Images are to be excluded, and the rest of the data repeated exactly.

> Material provided:
______________________________
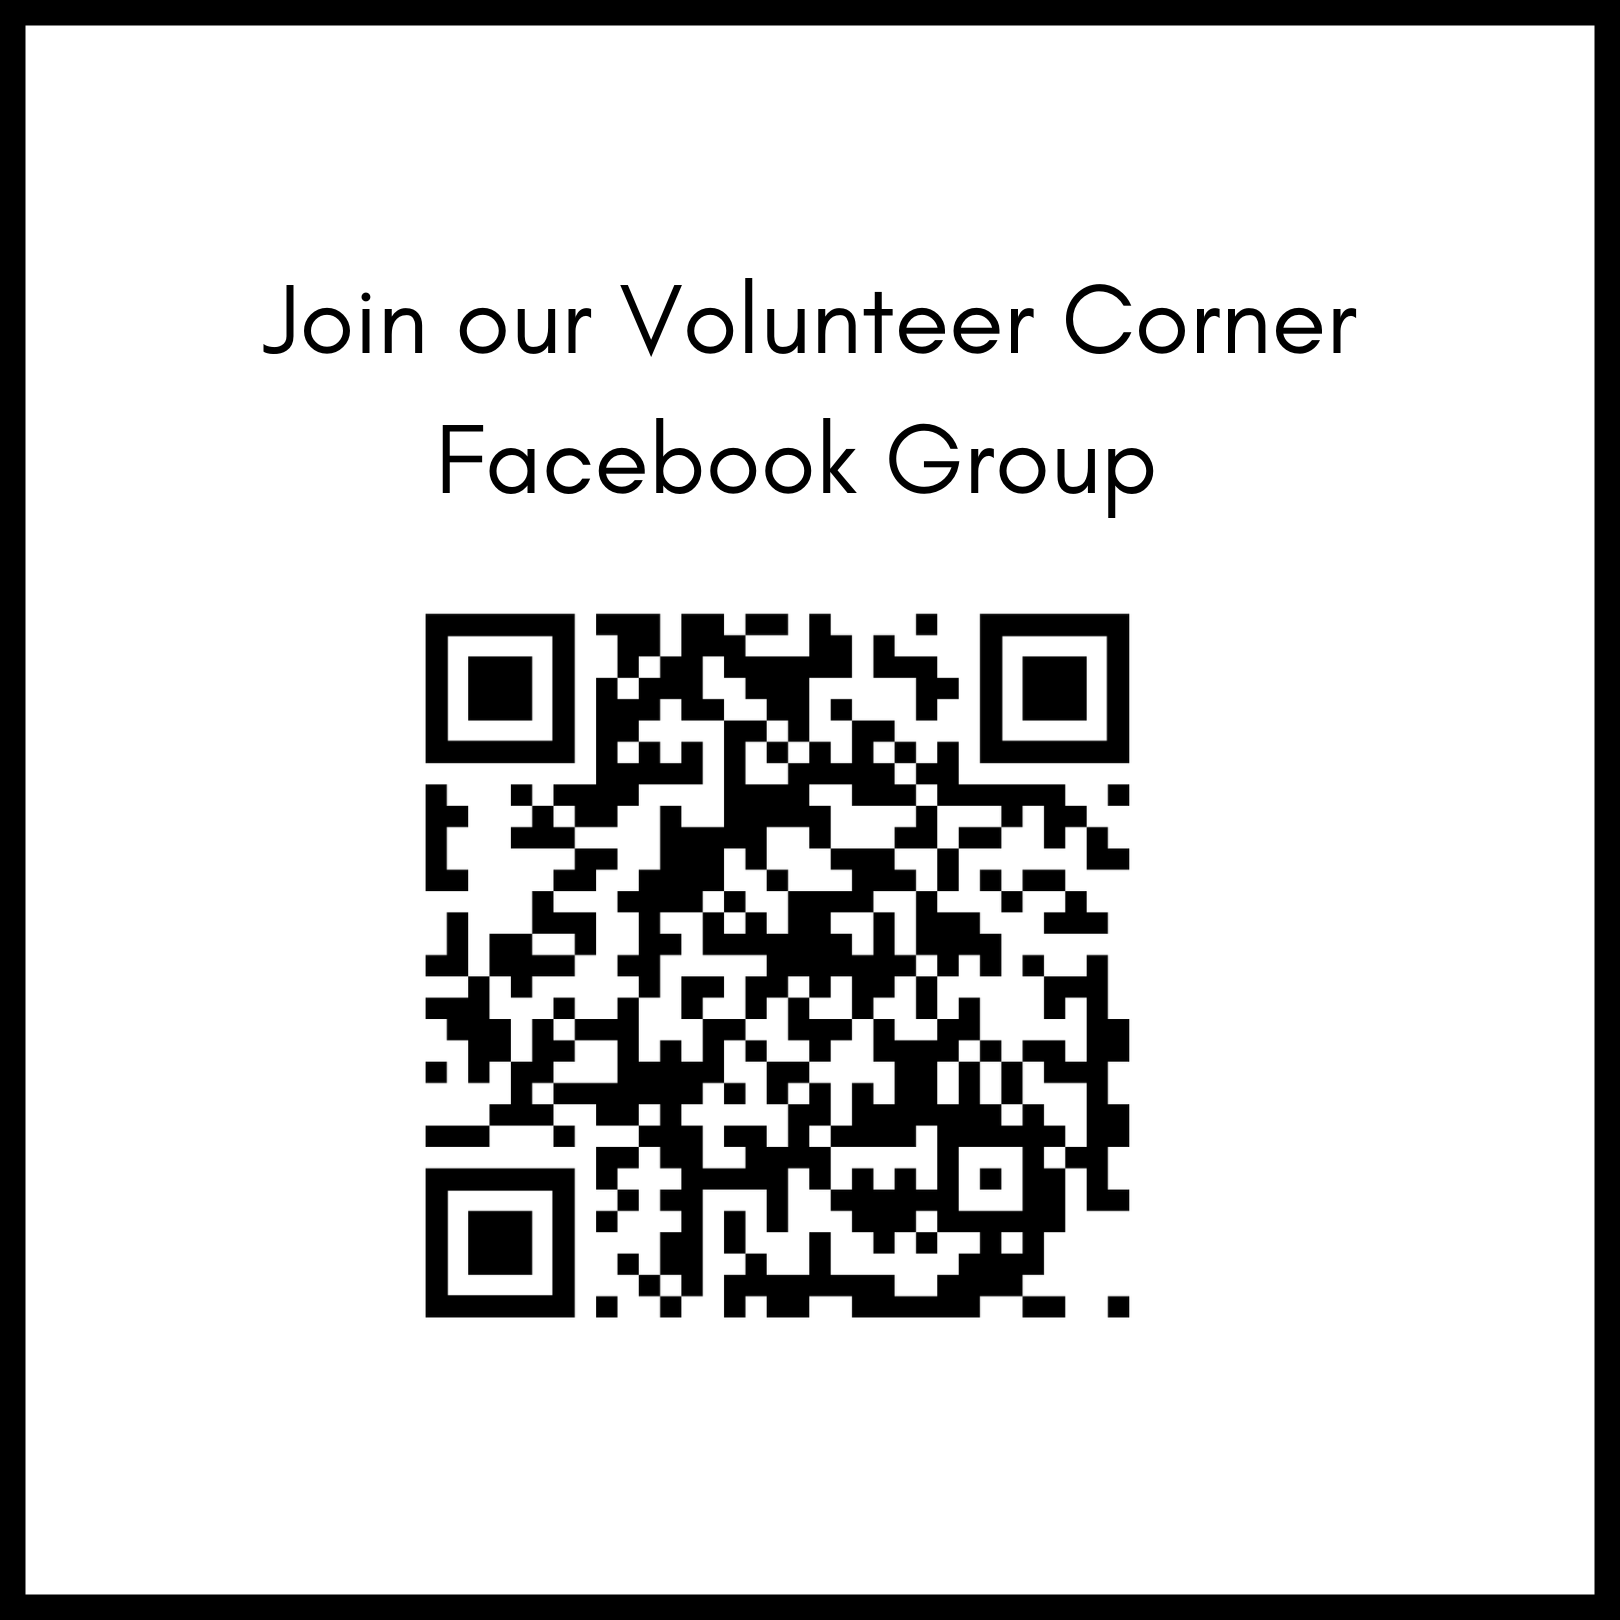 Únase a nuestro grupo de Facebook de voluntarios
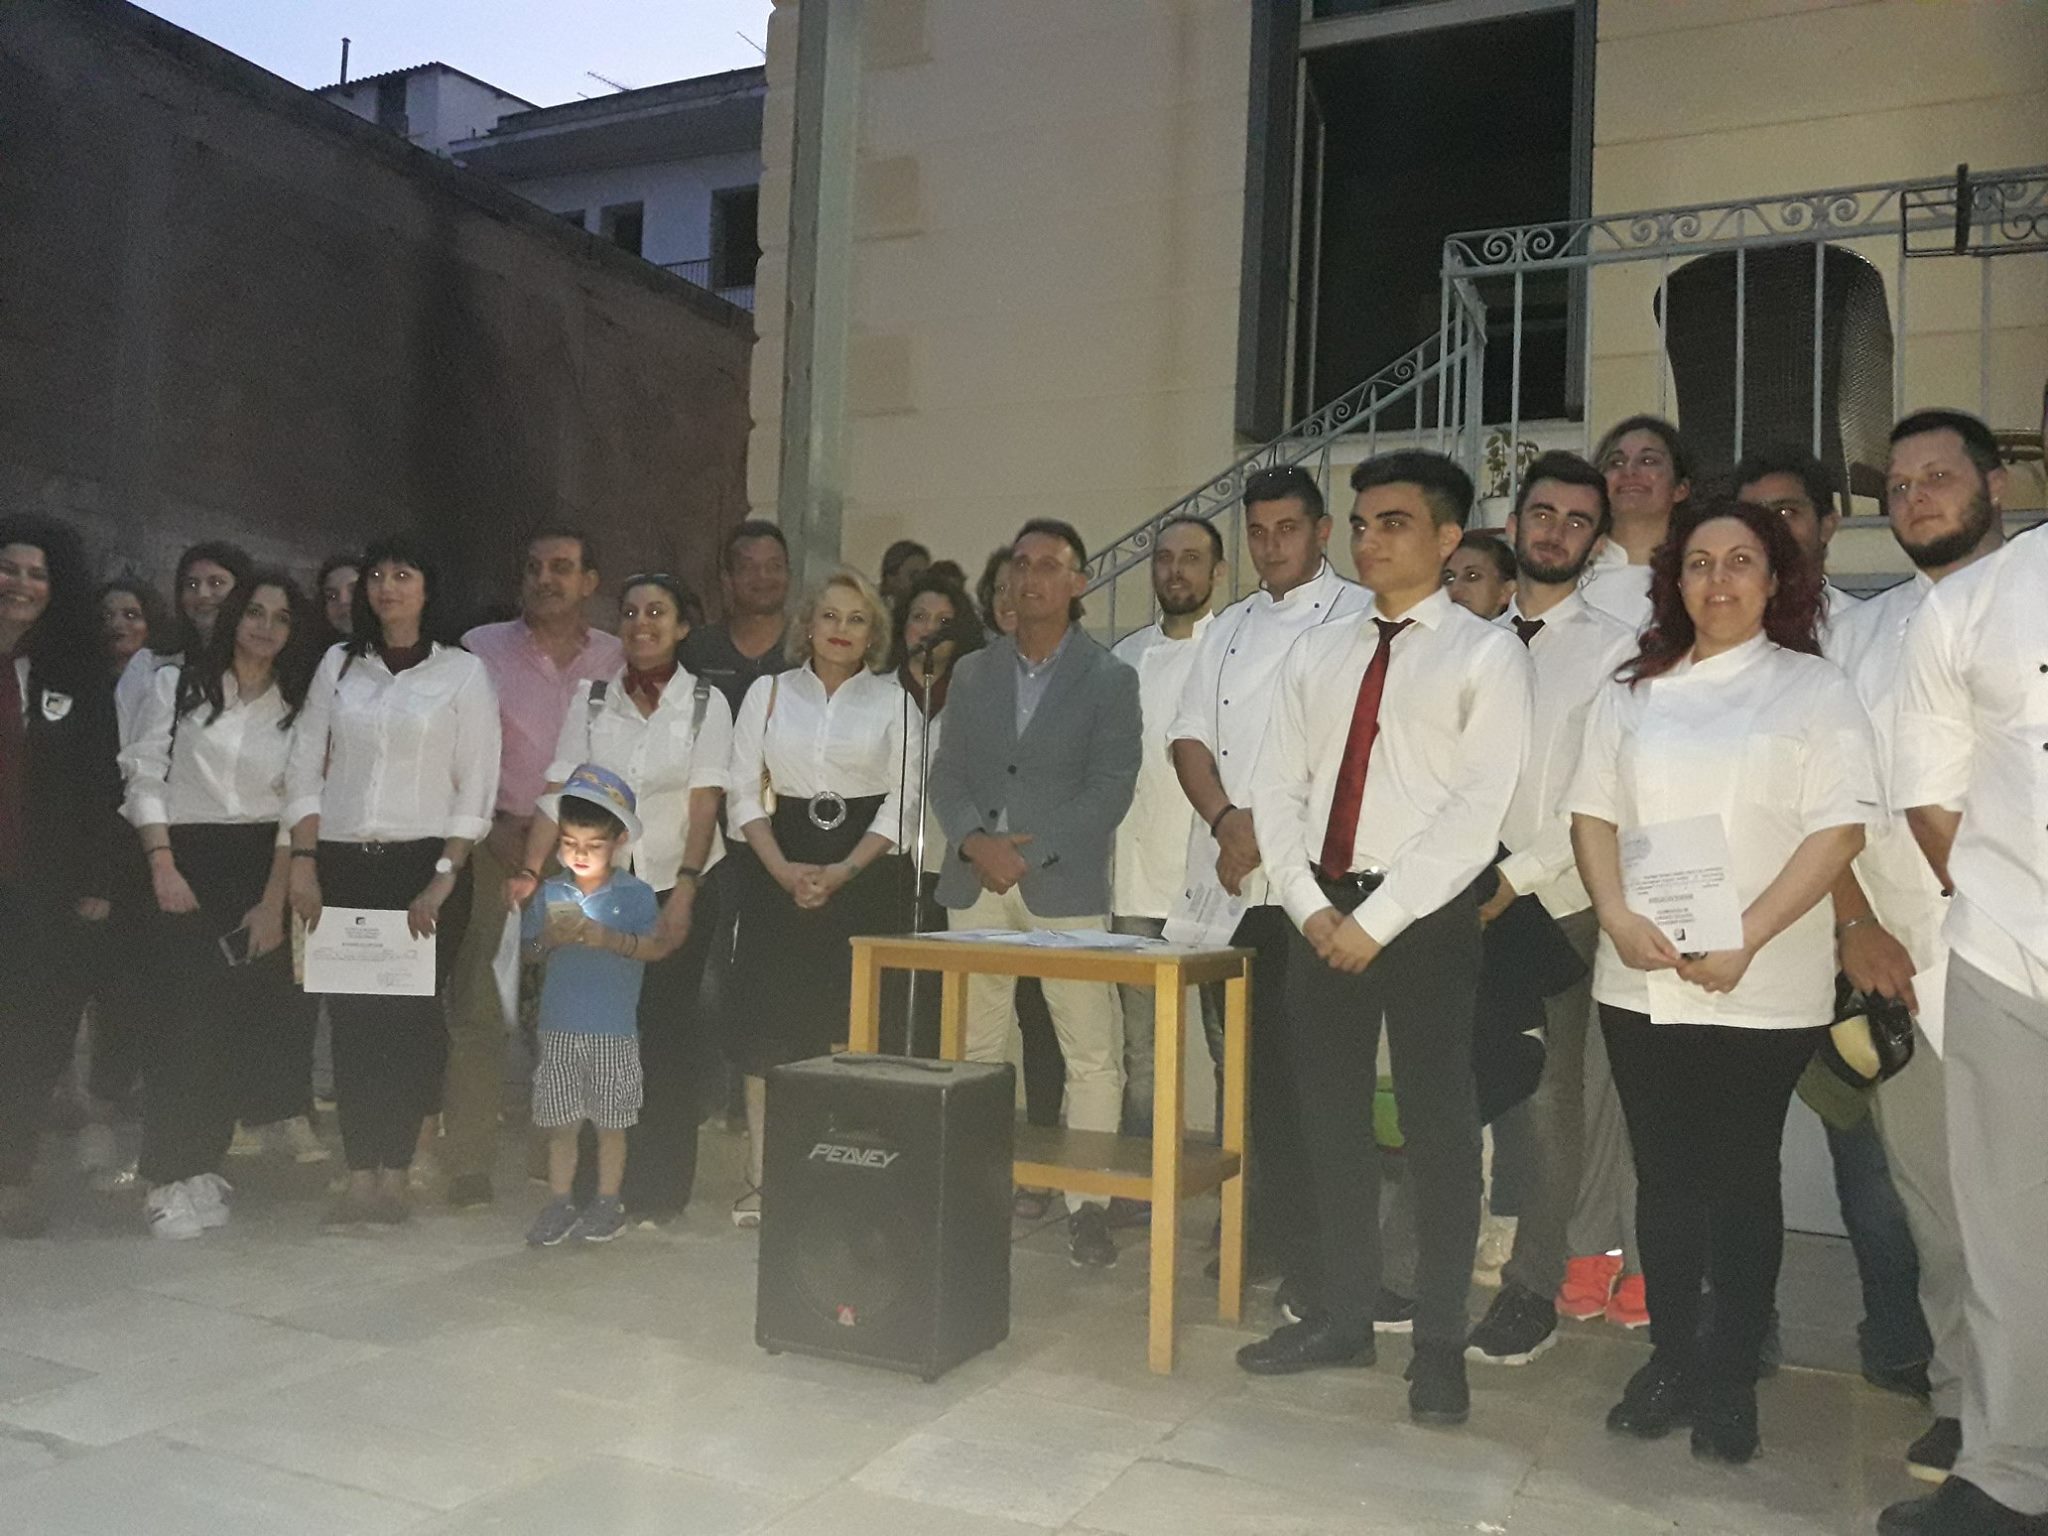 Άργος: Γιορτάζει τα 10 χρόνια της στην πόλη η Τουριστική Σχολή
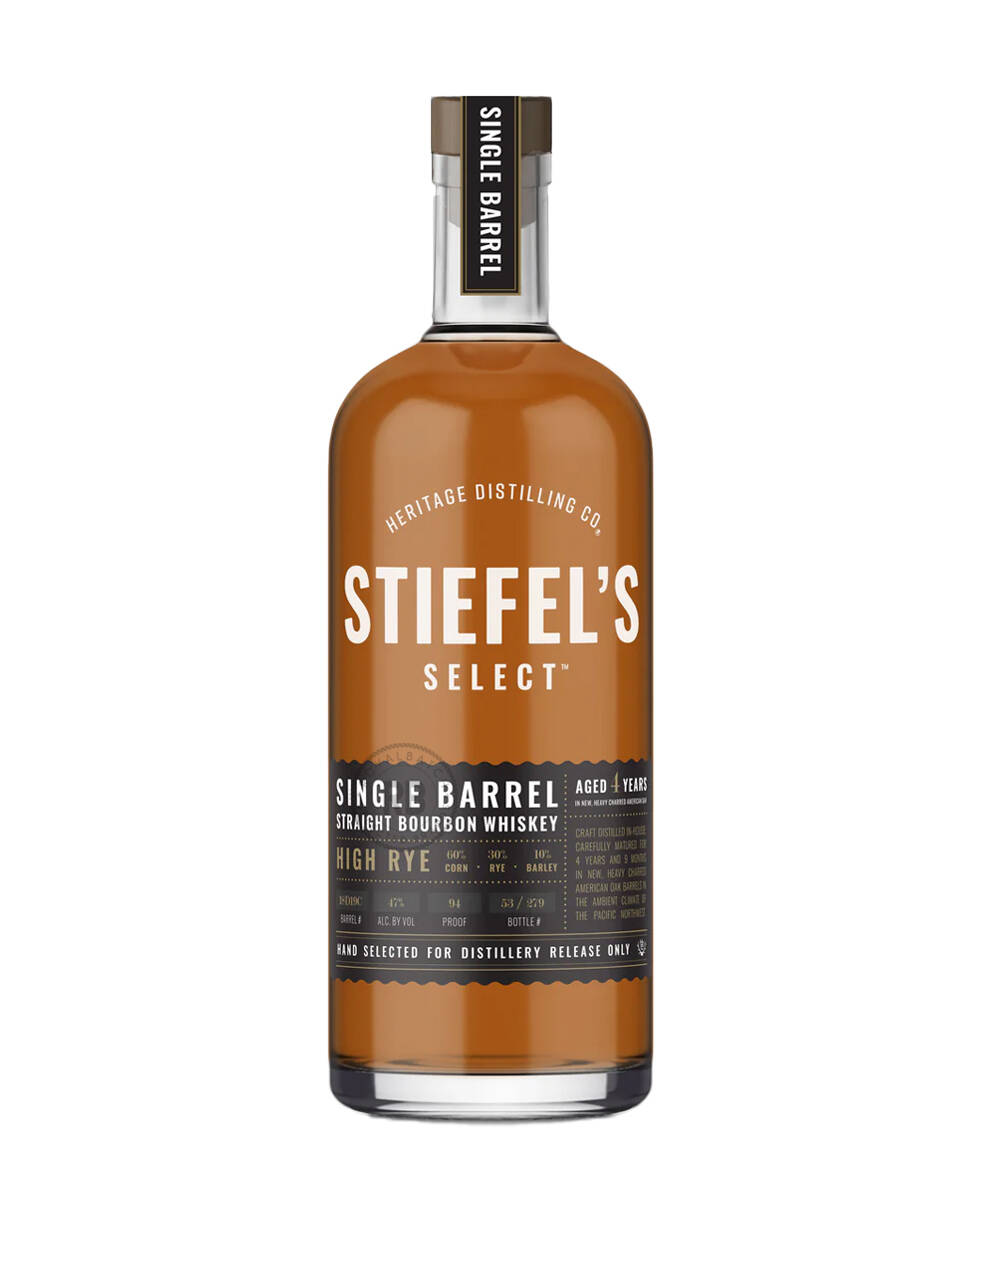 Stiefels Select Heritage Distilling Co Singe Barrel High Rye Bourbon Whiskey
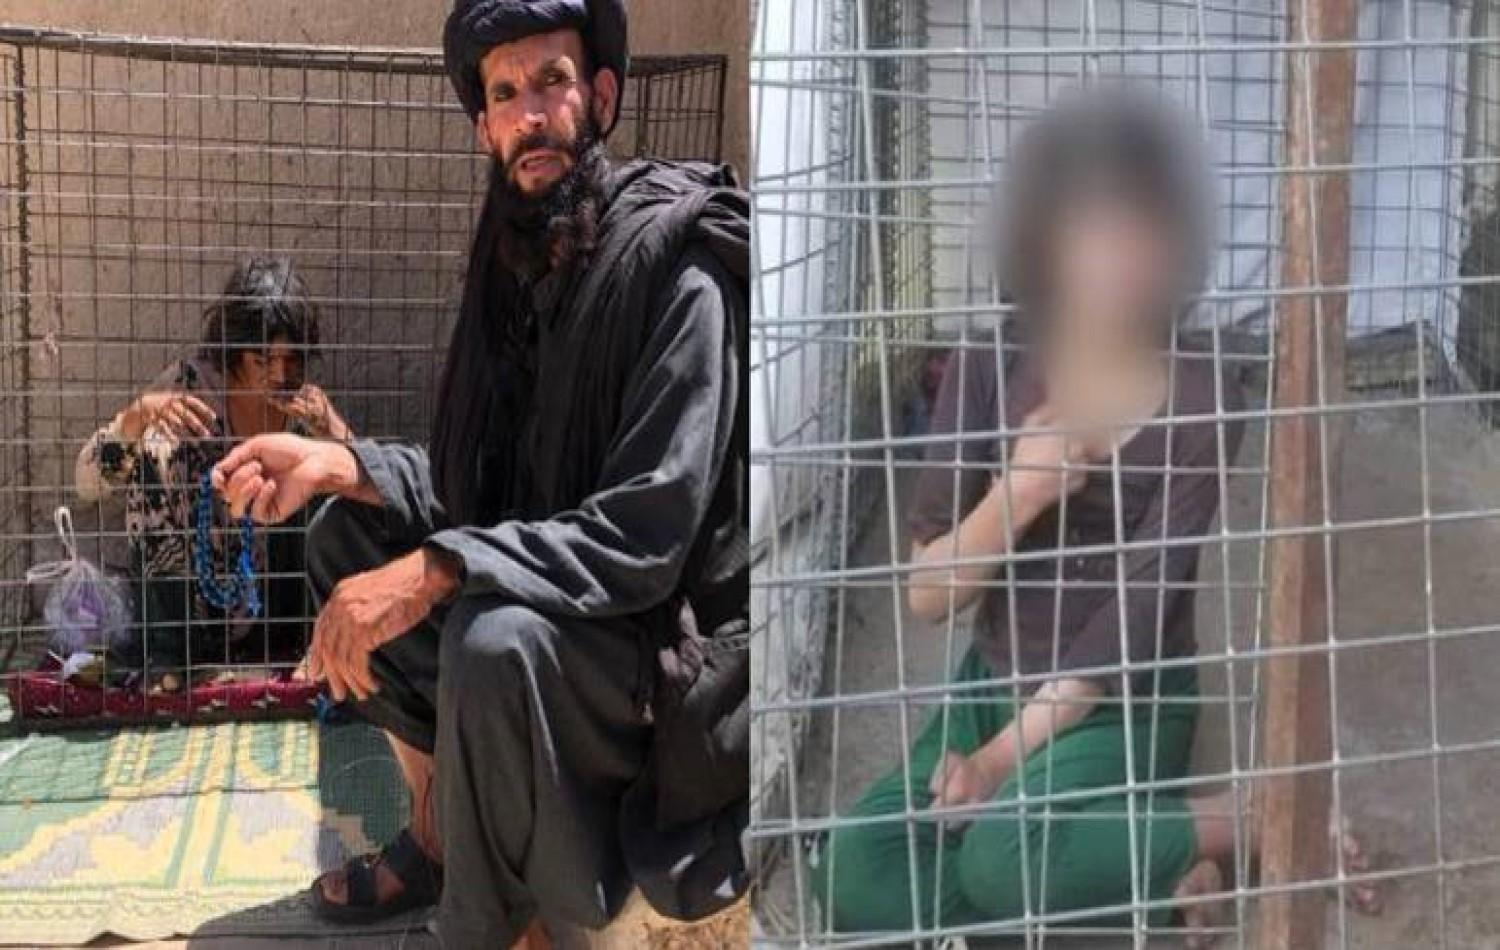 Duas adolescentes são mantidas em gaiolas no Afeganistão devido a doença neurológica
______________________________
> Result for this task:
 Únase a nuestro grupo de Facebook de voluntarios
 Άργος: Γιορτάζει τα 10 χρόνια της στην πόλη η Τουριστική Σχολή
 Stiefels Select Heritage Distilling Co Singe Barrel High Rye Bourbon Whiskey
 Duas adolescentes são mantidas em gaiolas no Afeganistão devido a doença neurológica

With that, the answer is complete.